Blog Post 2: Starbucks morning rush hour

Starbucks floor plan



Starbucks has 2 entryways, one from the street and the other from a connected office building lobby. Customers enter the store and follow an unmarked path to the cash registers. If there’s a line, customers talk to each other, look at their phones, or look at the menu.

For regular orders, customers receive drinks at cash register and proceed to coffee bar, customer counter area, and/or exit the store. For custom orders, customers wait in front of counter (depicted by a “red cloud” on the drawing), often crowded and chaotic at peak times.

Waiting for drinks, customers look at their phones, talking with on another, watching staff prepare drinks, or talk with staff. One customer inquired about a colorful drink. A staff member complained about limited space in another store.

During rush hour, mood is upbeat and music is high tempo. Temperature inside is comfortable, mirroring outside mild summer weather. Lighting is bright and focused on counter areas.
As staff furiously prepares drinks in assembly line formation, most customers wait anxiously. Some customers inquire about drink orders. A couple staff members call out drink orders and thank customers (occasional by name). A few customers question drink orders or make additional requests. One customer complimented staff on announcing a long drink name. Some drinks are called, but not picked up.

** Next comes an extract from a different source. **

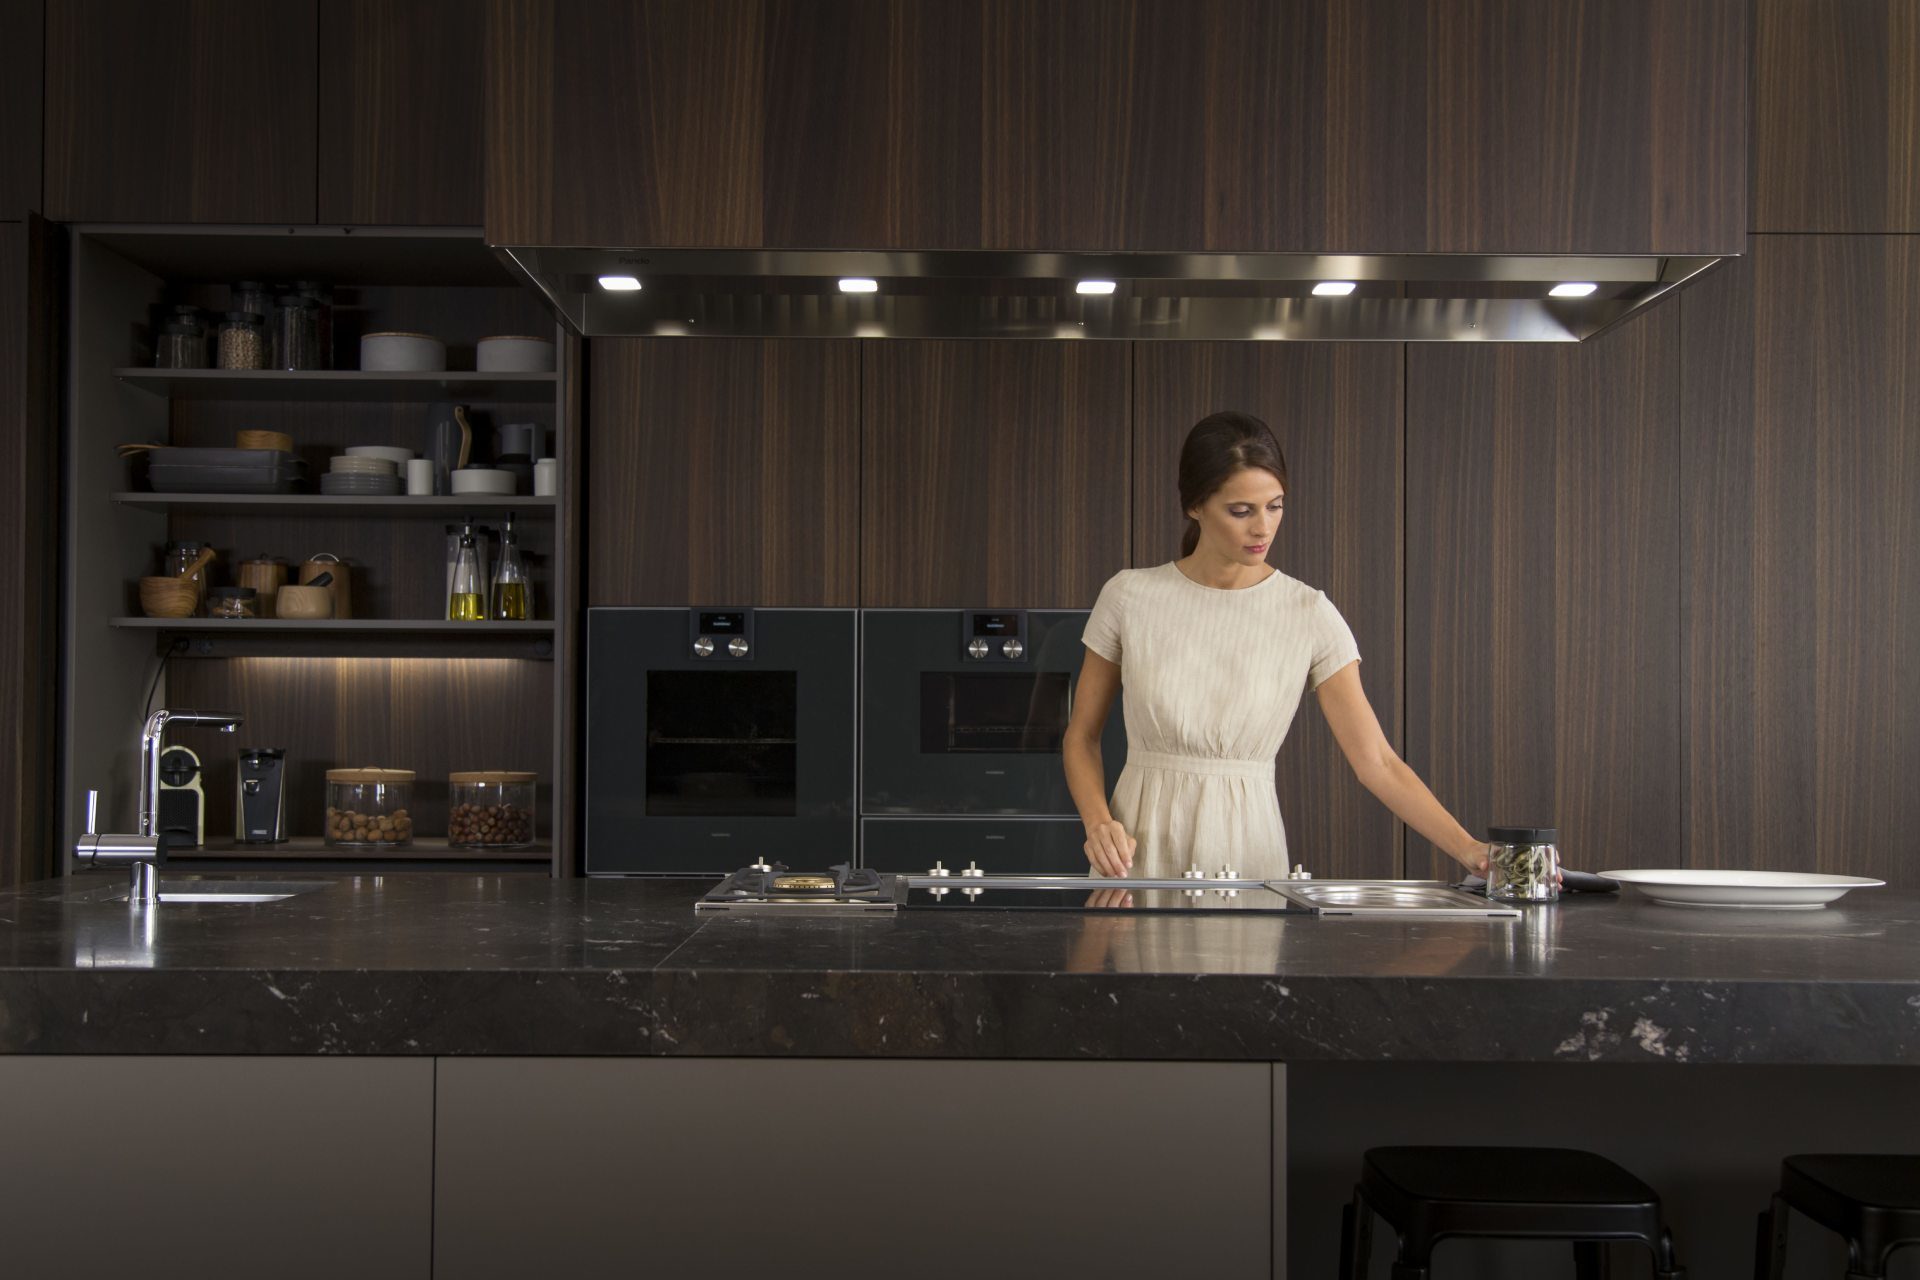 Photo of a woman in a Smoked Oak veneer kitchen with central island and extractor hood

As traffic slows, music tempo slows, atmosphere relaxes and staff attends to other functions. Customers remaining in the store sit and work on laptops, talk in groups, or make phone calls.

My comments:

Mariam Edwards –

Margaret Pickworth –

Jerry Leeson –

  1. Hi James, it seems like you spent a bit more than 30 minutes there :). Hope the coffee was good. I like the way that music was used to create an appropriate mood for the day. Also, your comments on what the staff were saying etc. It was a good reminder for me that observation is more than just using the eyes but the other senses too (sound, touch, taste, smell). Actually in the coffee shop the aromas of fresh coffee, cakes etc would have been interesting. I like your drawing but the text was upside down – is it possible to re-orient it?

    • Jerry,
      I can’t seem to figure out how to paste the image in here. I posted it on Flickr but I’m afraid that is upside down too. Want me to email you a copy?


  2. Hi Jim,
    People’s behaviour in coffee shops has really changed over the last few years with the introduction of the ‘smart phone’. As you observed people often spend the time waiting for a coffee checking out messages, apps or sites on their phone. I think companies are starting to tap into this behaviour with the introduction of QR codes and opportunity to comment on social media sites. The researchers and staff in these businesses need to involve these “diverse and multiple actors” in their design thinking and also the roles of objects like mobile technology (Kimbell,L. 2012).
    Kimbell, L. (2012). Rethinking design thinking: Part II. Design and Culture, 4(2), 129-148.

  3. Hey Jim,
    Really interesting look at a coffee shop. What I really liked was the intergration of music to create a different feeling to the place, which is an aspect of food venue design we often do not think about. It it is such an important design element and can impact of sales for a business.